Sam, you gotta agree that any extra work/waiting in @edge counts against an already tight running window. I don't know the inner workings of Punchcard, but Webpack allows us to embed env vars at build/ci time. I highly suggest that or similar approach. It is how I build my frontends.
@Birowsky, Punchcard relies heavily on environment variables set with CloudFormation. If you use a DynamoDB Table, the table's ARN is automatically set in the environment variables and then looked up at runtime to configure a "Table Client" instance.
This is how we auto-wire dependencies:
new Function(stack, 'f', {
depends: table.readAccess(), // grants IAM policies and sets tableARN in the environment variables
}, async (request, table) => {
// table's ARN is automatically fetched from the environment variables
await table.get('key'); // no need to specify table name
});
You're right though, using tags unfortunately adds to the cold start cost :(. It would only be on the first invocation of a container, I wonder if that's tolerable? Perhaps we can lazily fetch the information so you only incur the cost on the first request to another service, i.e. lookup a Table's ARN on the first DDB get item. For us to be a zero-cost abstraction (a good tenet for Punchcard), we'd have to somehow fetch and include this information in the Lambda's archive as part of the CloudFormation Update.
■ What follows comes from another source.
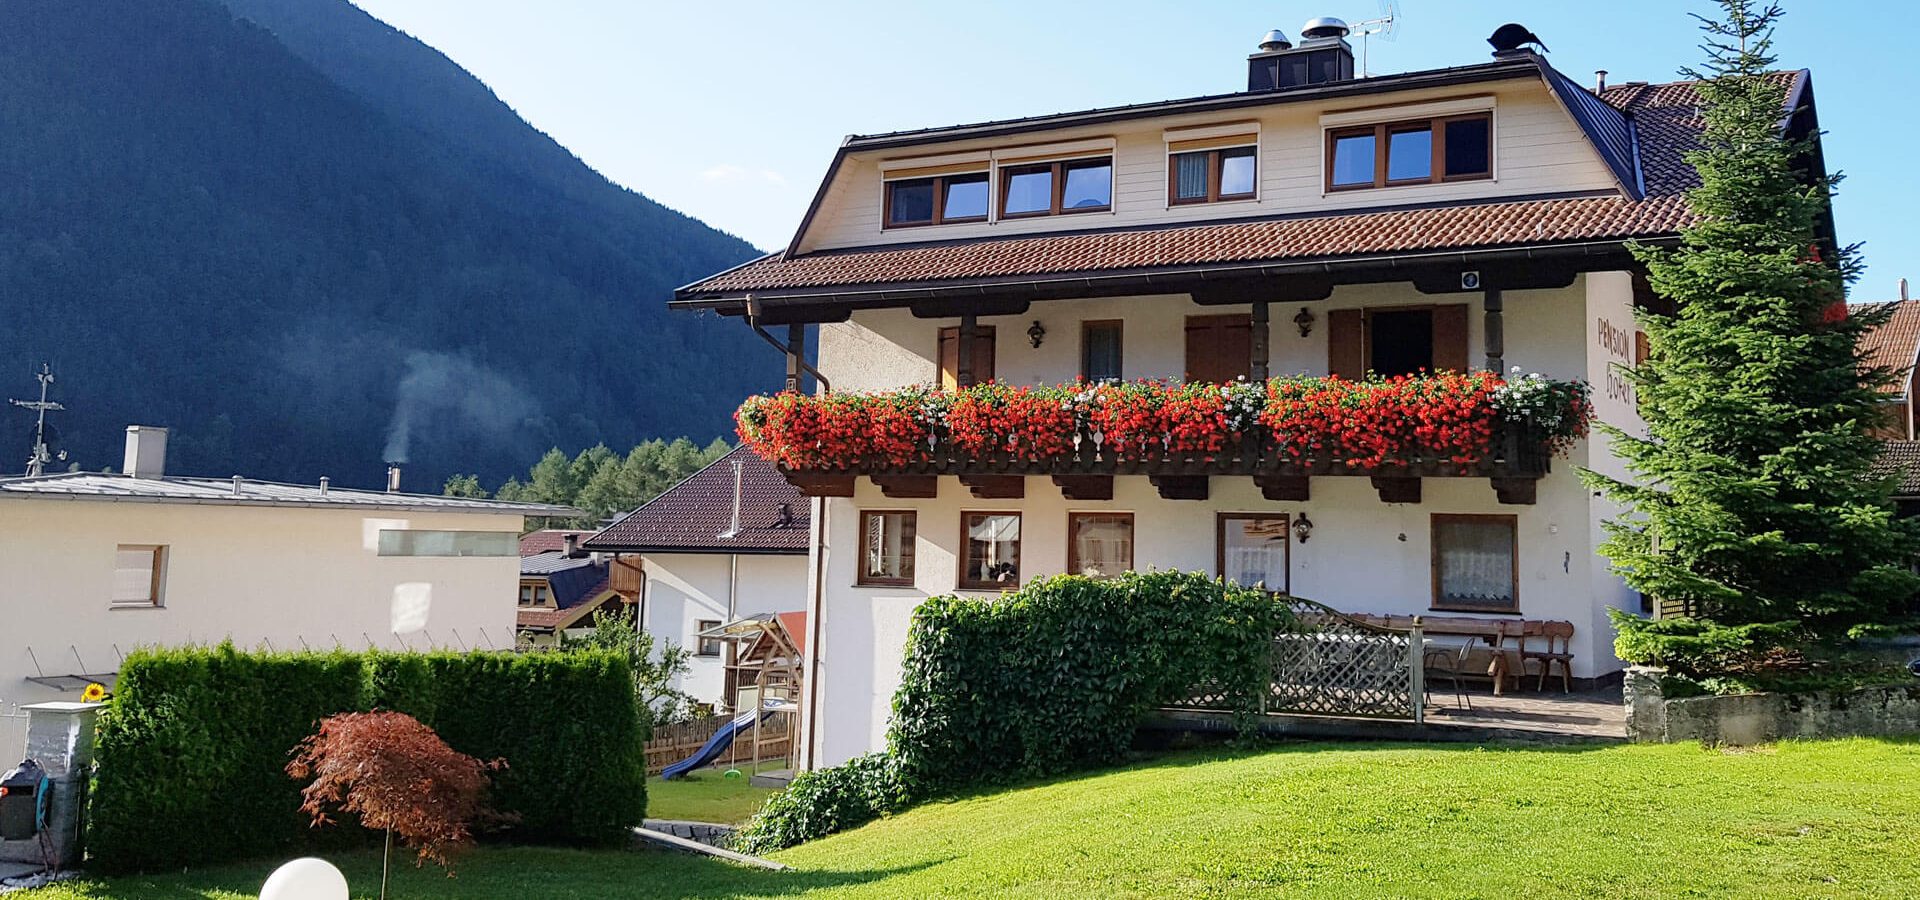 Urlaub in der Pension Hofer*** im Weitental - Vintl / Pustertal - Südtirol
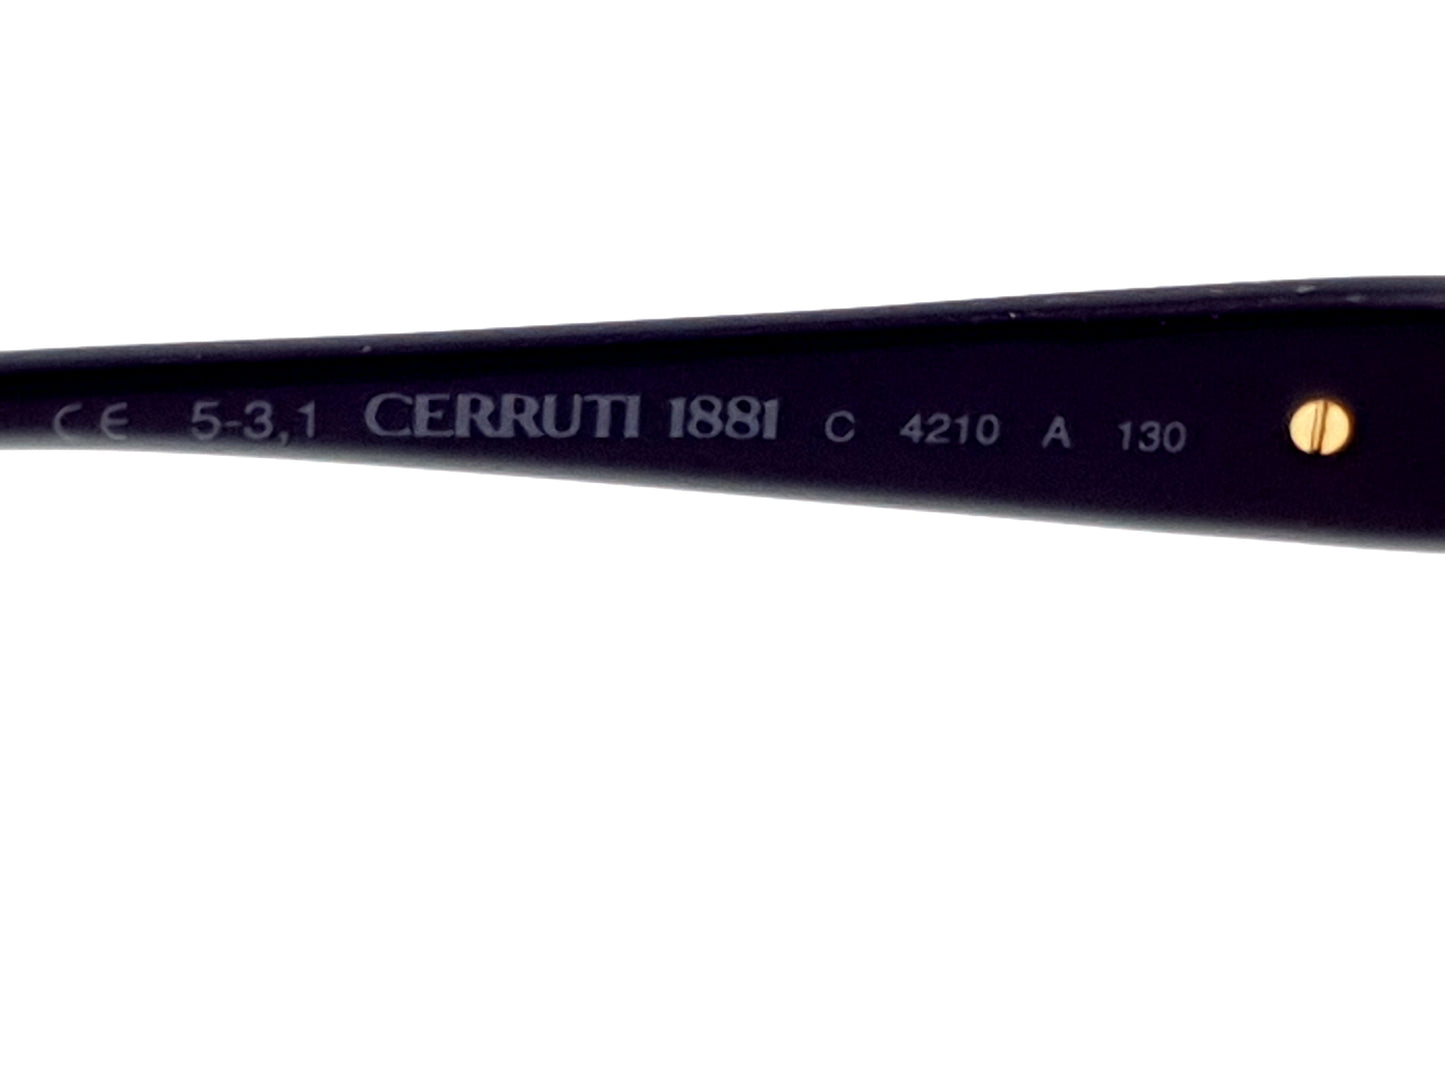 CERRUTI 1881 C 4210

A Custom Resource that modifies the lambda's zip file might be the best solution?
Physical names are also an option.
It would only be on the first invocation of a container
I'd be totally fine with this if it actually happened only once. But I'm quite certain there are multiple first-time container runs. Especially with @edge, and all the edge CDN locations.
So I honestly root for you figuring out a mechanism that would hardcode all resource identifiers inside the generated code.
Maybe a multi-step deployment? First figure out identifiers, then another run for the resources dependent on them? Modifying the built zip seems simpler, but error prone?
I agree. I think we could use a custom resource for edge functions alone and still rely on environment variables for ordinary ones - we shouldn't bloat the stack with unnecessary custom resources when we can avoid it. CFN's limits are quite low.
Instead of modifying the Zip, perhaps we can create a Lambda Layer?
The docs here say that layers are not supported in edge. Or were you thinking about something else?
But anyways, how exactly were you thinking of utilizing a custom resource to include the env vars? Is it your method of modifying the zip? If you think you've found a safe way to embed the env vars in the zip, I really don't mind it! Maybe you can set up some unique string placeholders?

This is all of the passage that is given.